Word grouping and blank expansion
Grouping happens in three phases:
-
Path to raw words — Walks the Viterbi path frame by frame, building tight
[start_frame, end_frame]boundaries and accumulating emission log-probs and top-2 margins per word. -
Blank expansion — Three policies (Balanced, ConservativeStart, AggressiveTail) expand boundaries into adjacent blank regions with different trade-offs for left expansion, right pullback, and minimum interior silence.
-
Candidate selection — All three candidates are scored using boundary blank evidence, shift penalty, and pause plausibility. The best expansion is selected per word.
Confidence scoring
Each word receives a composite quality confidence score blending geometric mean emission probability, margin, p10 log-prob, and boundary evidence, passed through piecewise-linear calibration to produce a value in [0, 1].
Development / CI
The project uses Clippy with -D warnings so that lint fixes are required before merge. Formatting is enforced with cargo fmt --check. No global Clippy allow flags are used in CI; a few lints are allowed locally where the team prefers readability (e.g. clippy::needless_range_loop in DP loops, clippy::too_many_arguments on grouping APIs). To run the same checks locally:
Optional pre-commit hooks (format + clippy) are in githooks/. Enable with git config core.hooksPath githooks from the repo root; see githooks/README.md.

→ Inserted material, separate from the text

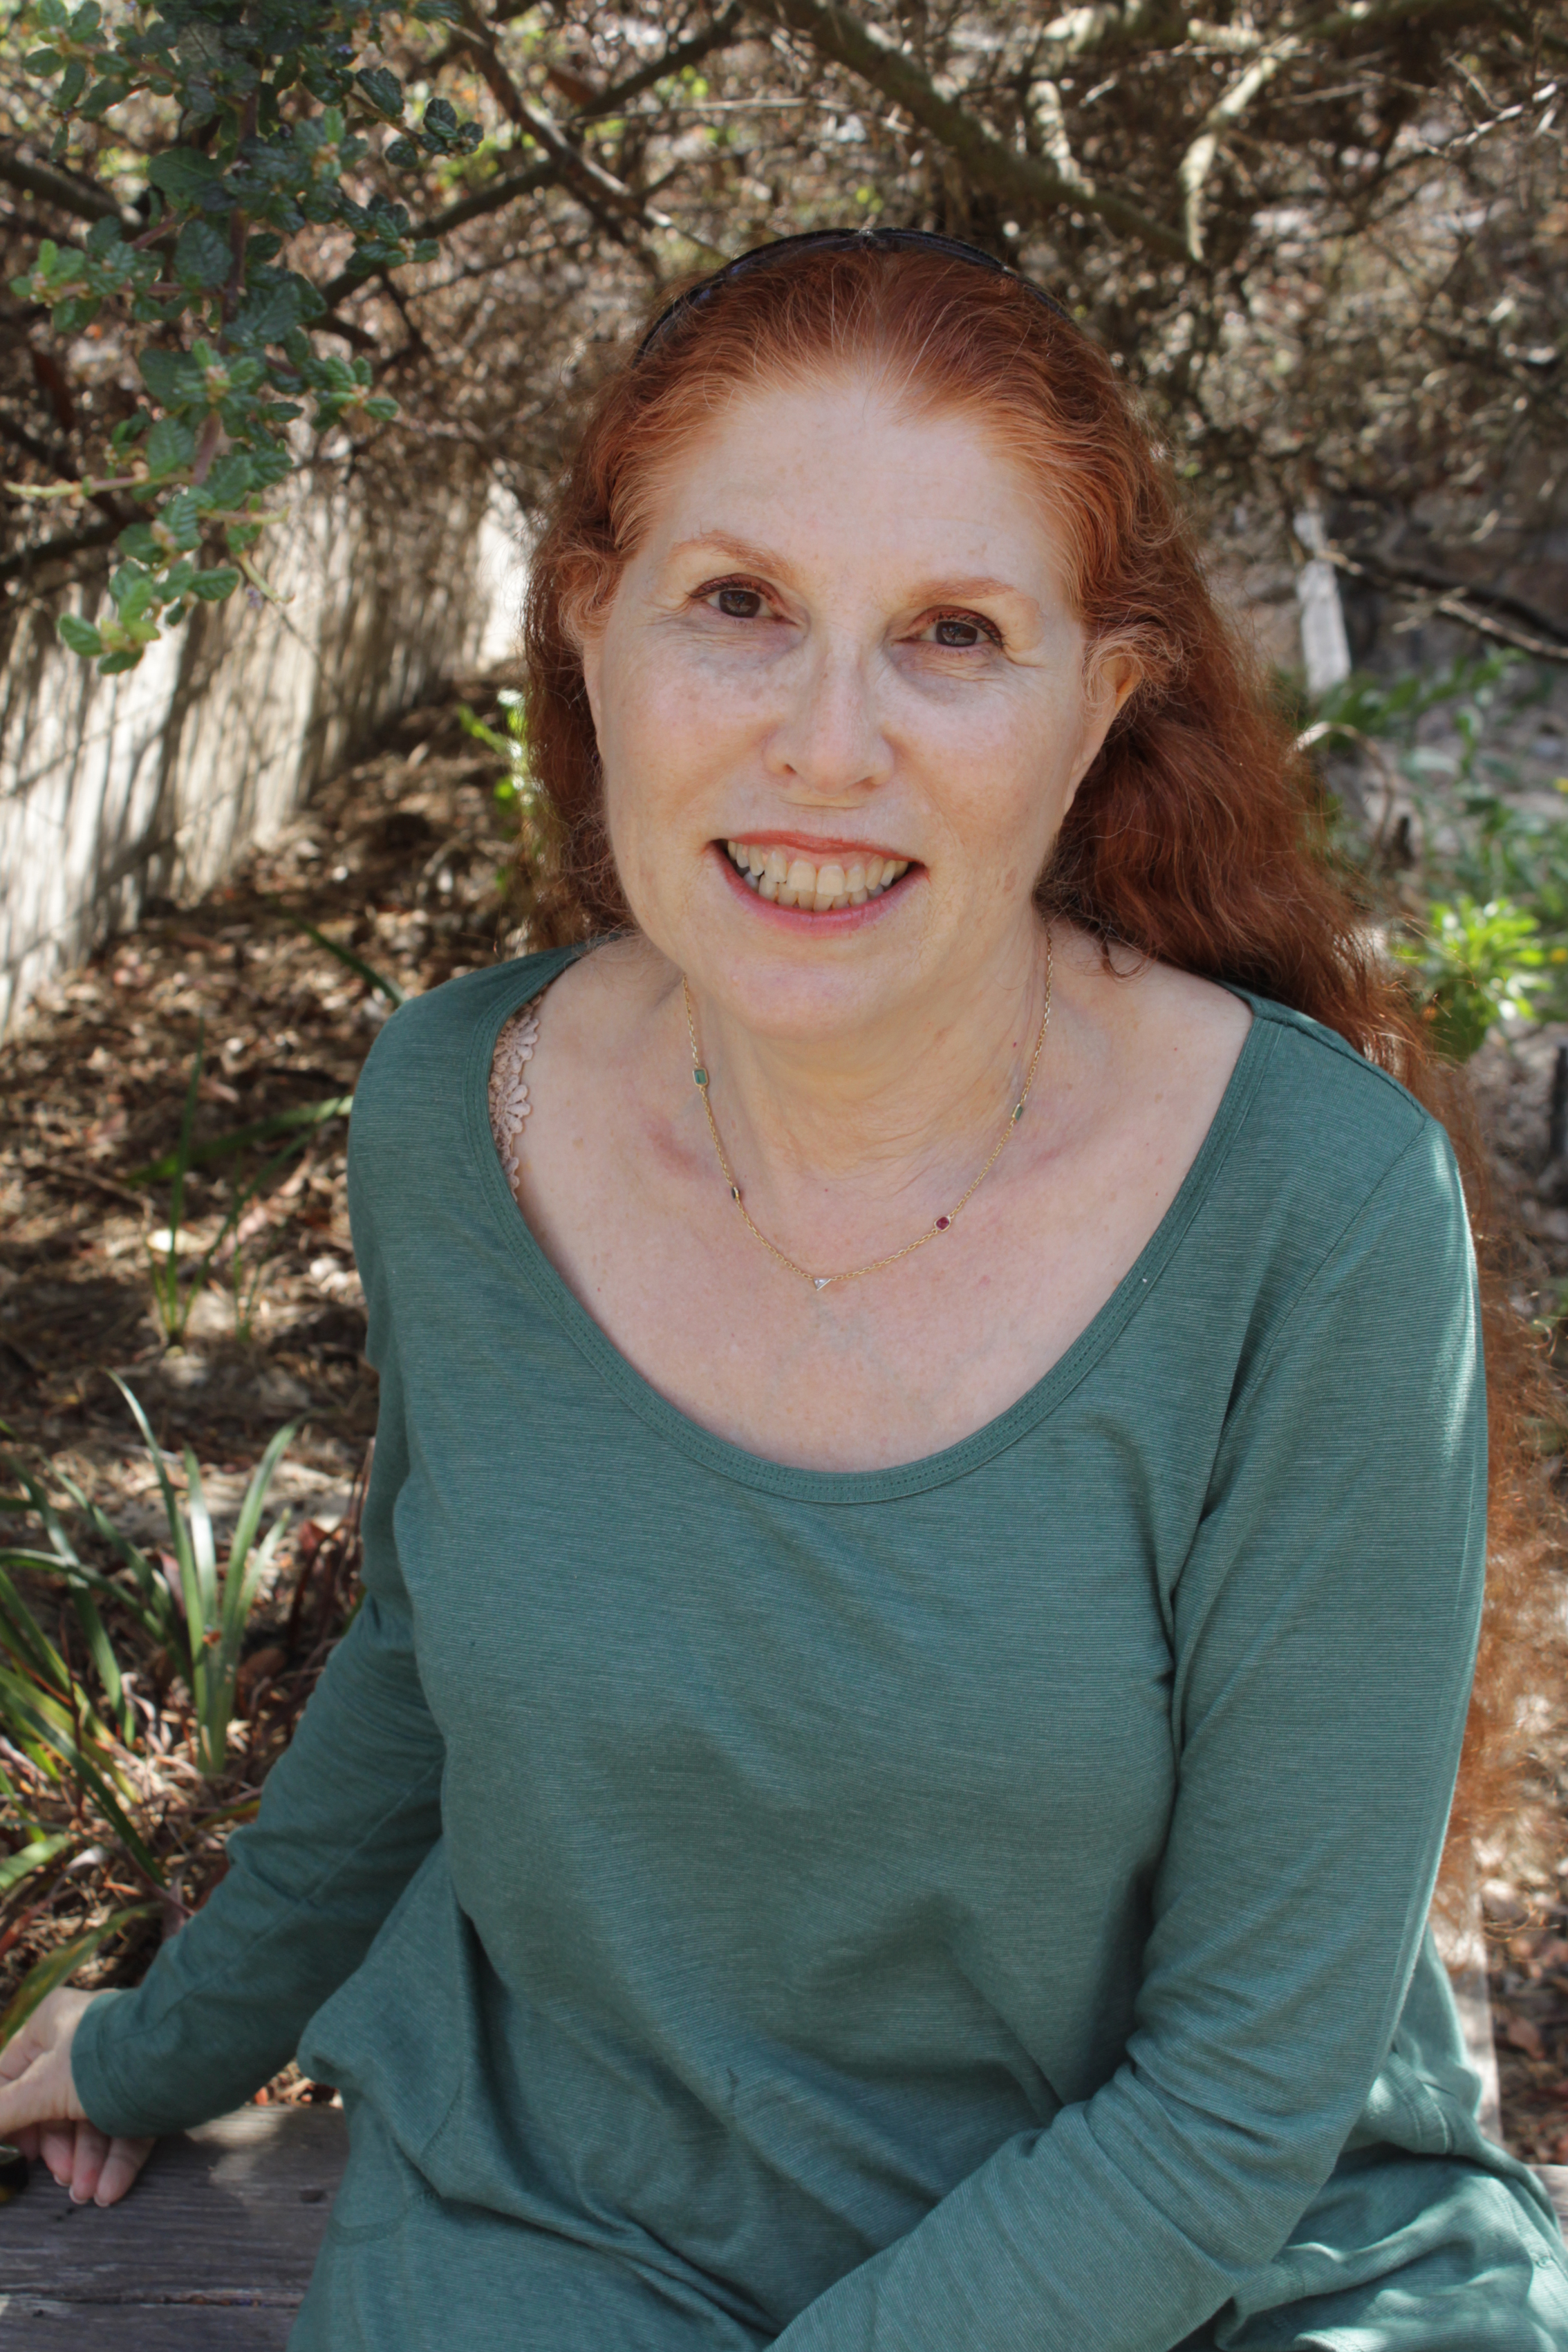 Elinor at the AAGT Conference, Asilomar, California, September 2014. Image courtesy of the British Gestalt Journal.
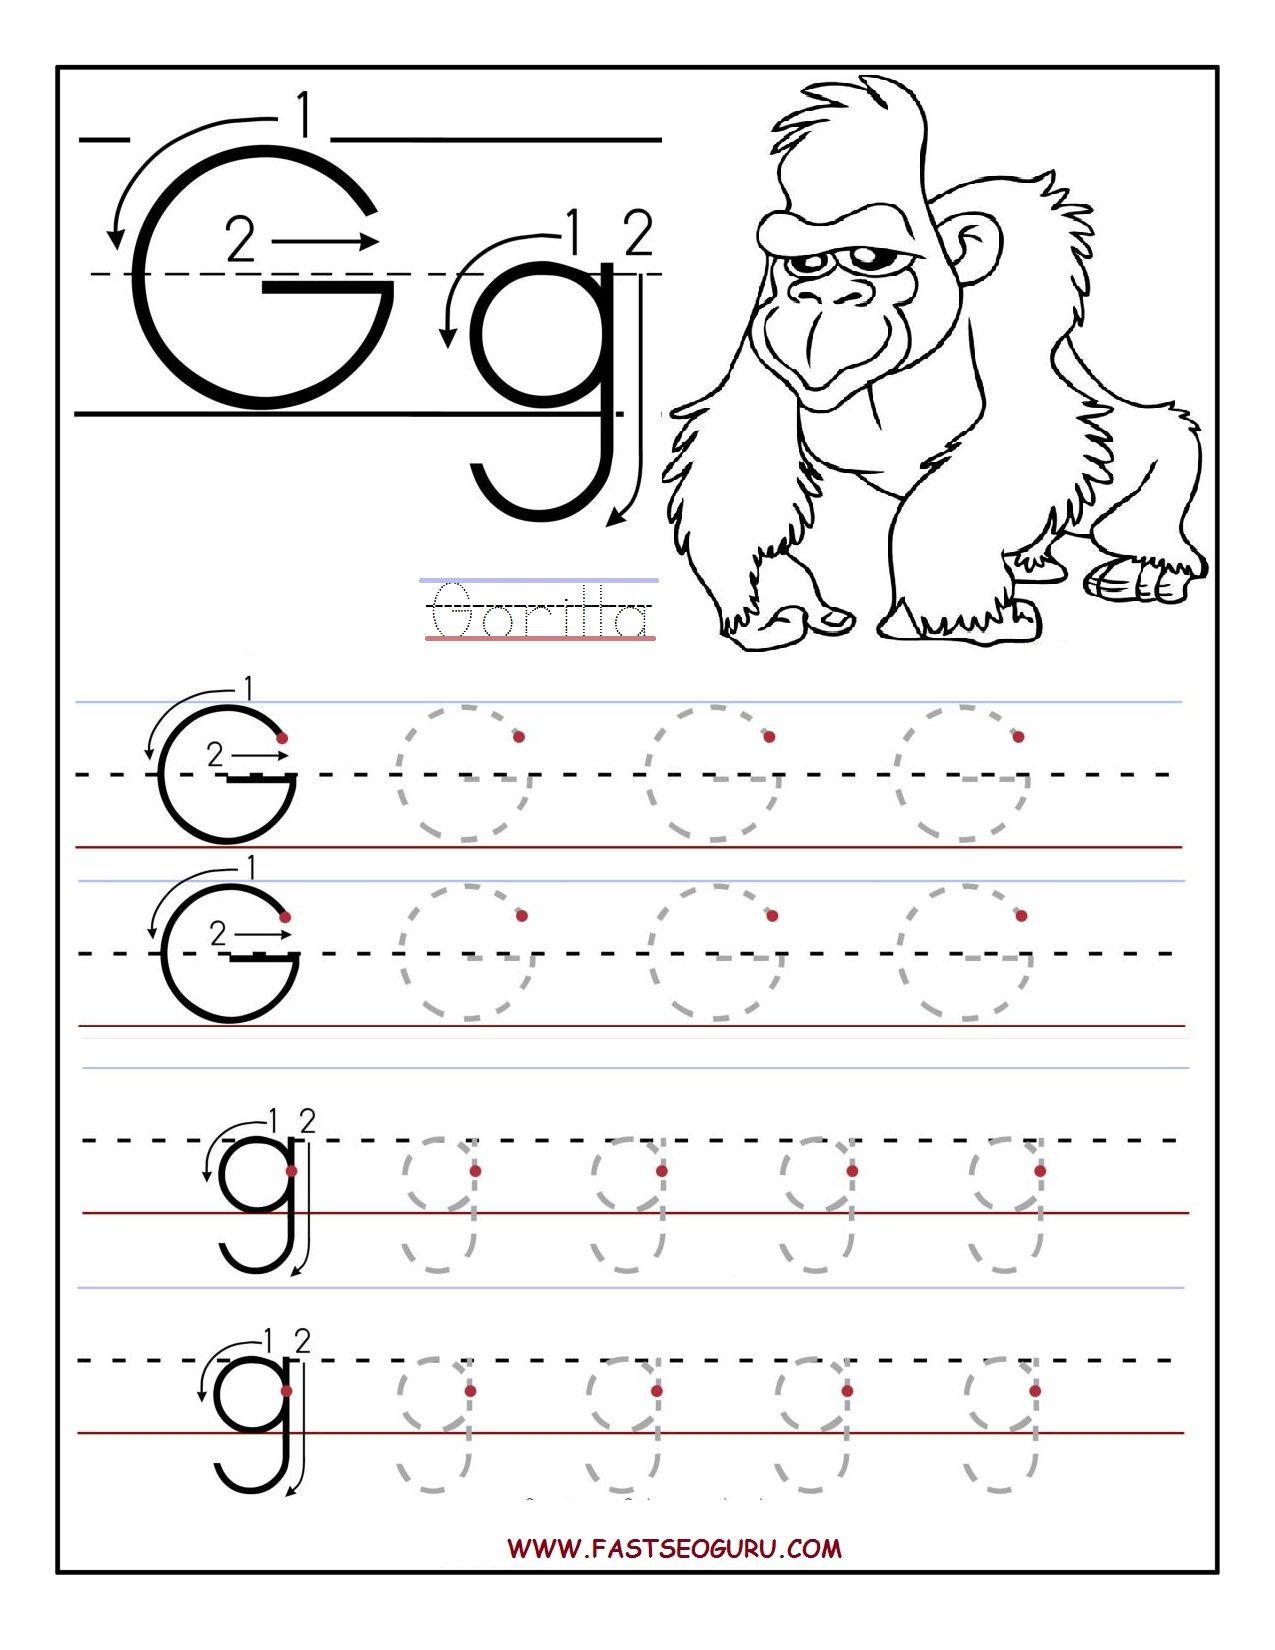 Printable Letter G Tracing Worksheets For Preschool inside G Letter Tracing

If you add CI (e.g. GitHub Actions), run these three steps as blocking jobs.
Manual crate publish workflow
A manual GitHub Action is available at .github/workflows/publish-crate-manual.yml.
Assume the version bump is already committed on the branch you run from (branch protection may prevent the action from pushing). The workflow only builds, packages, and publishes:
- Actions → Publish crate (manual) → Run workflow (no inputs)
Required secret:
CRATES_IO_TOKEN(crates.io API token)
The workflow runs cargo build --release, cargo package, and cargo publish.
License
This project is licensed under the Mozilla Public License Version 2.0 — see the LICENSE file for details.